Мне исполнилось четырнадцать лет. Я более или менее регулярно ходил в лицей. Достаточно для того, чтобы учителя отмечали мои интеллектуальные способности. Они знали о ситуации у меня дома. Говорили о том, чтобы разлучить меня с матерью. Шла речь о том, чтобы меня отправить в интернат, а ее — в специальную лечебницу. Может быть, это стало бы правильным решением. Может быть, уехав из дома, я сумел бы побороть свои кошмары, свои поползновения, стать нормальным человеком. Может быть. Но как всегда, она все испортила.

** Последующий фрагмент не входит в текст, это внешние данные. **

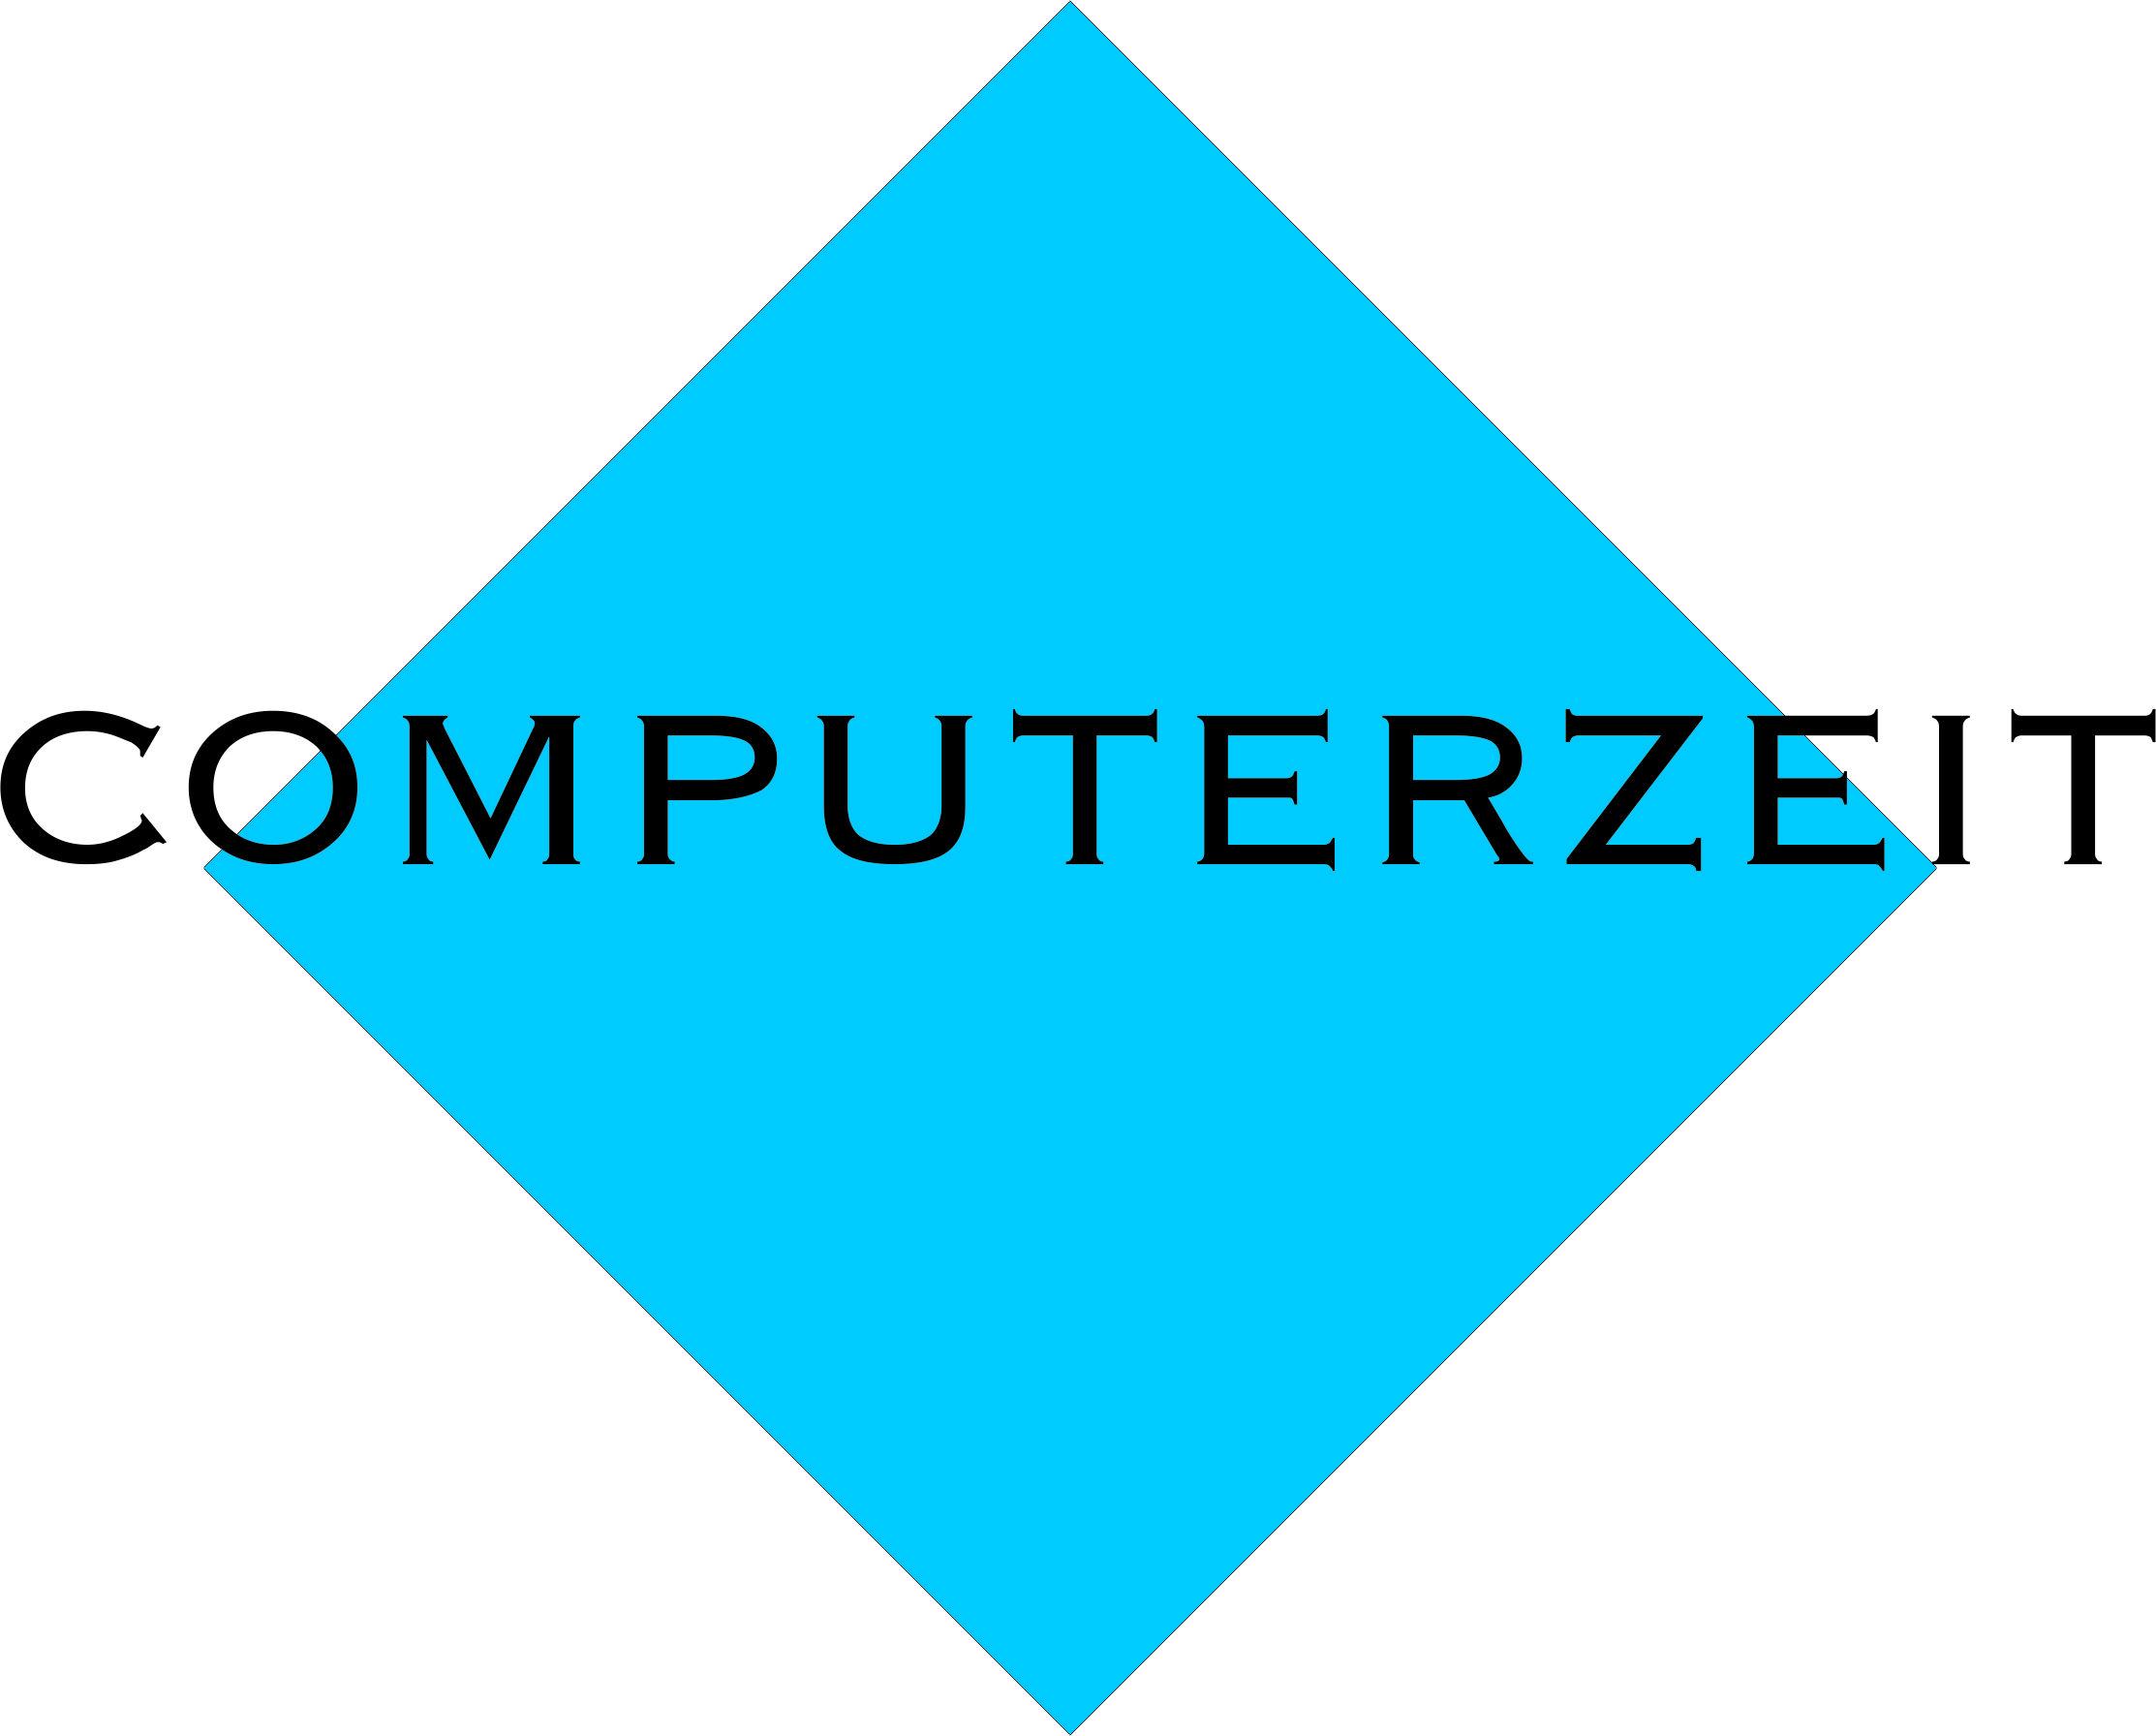 LOGO COMPUTERZEIT 2021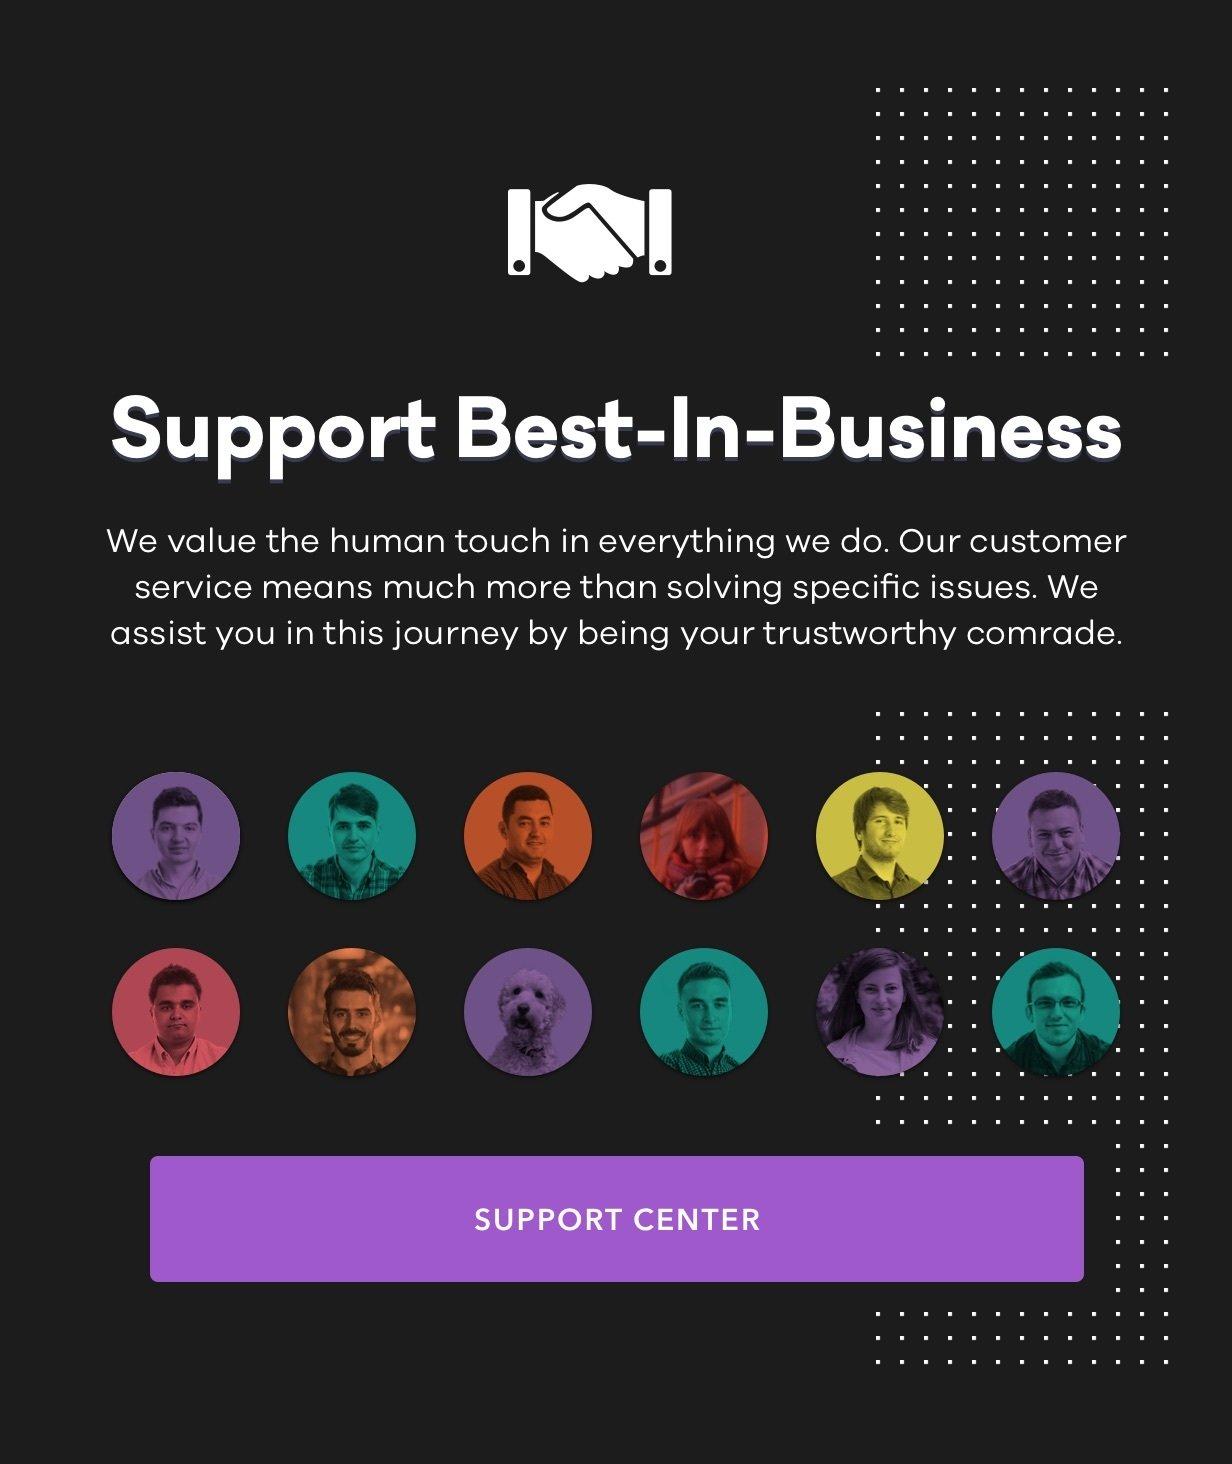 felt-support.jpg

Вдруг она стала со мной странно мягкой и ласковой. Инстинктивно я тут же почуял опасность. Я не ошибался: теперь эта ненормальная рассчитывала, что я буду удовлетворять ее. Физически. Когда она предприняла первую атаку, когда она просунула руку мне между ног, она подписала свой смертный приговор. Моя ненависть расцвела пышным цветом. На меня словно снизошло озарение, я понял, что сделаю. В тот момент, когда я схватил ее руку и отшвырнул от себя, словно старую куриную лапу, я спланировал ее казнь.
Жак Реверди заулыбался.
Марк завороженно смотрел на него: несмотря на уверенность в том, что он вот-вот умрет, несмотря на то, что дыхание превратилось в пытку, он испытывал жалость к своему противнику. За этим гигантом в черном комбинезоне, за этим безумным чудовищем он видел только измученного маленького мальчика, дрожащего от страха в ротанговом шкафу.
— Я принялся за работу. Я вернулся к планам ее убийства, разработанным еще два года назад. На все у меня ушло несколько недель: материалы, подготовка, проверка. Как-то вечером, после хорошей попойки, мать проснулась в своей кровати. Она заметила, что не может пошевелиться: она была привязана к подголовнику. Она подняла голову и увидела, что я сижу на полу. Я спокойно смотрел на нее. Она сначала засмеялась, потом закричала, потом засмеялась и закричала одновременно, потом ее стало рвать прямо на старое платье, в которое она была одета. Вначале она не удивилась, что у нее болит голова, ведь мигрень с похмелья давно стала делом привычным. Но когда она начала кашлять, хватать воздух маленькими глотками, до нее дошло, что происходит что-то непонятное. Ее сын решил не просто пошутить.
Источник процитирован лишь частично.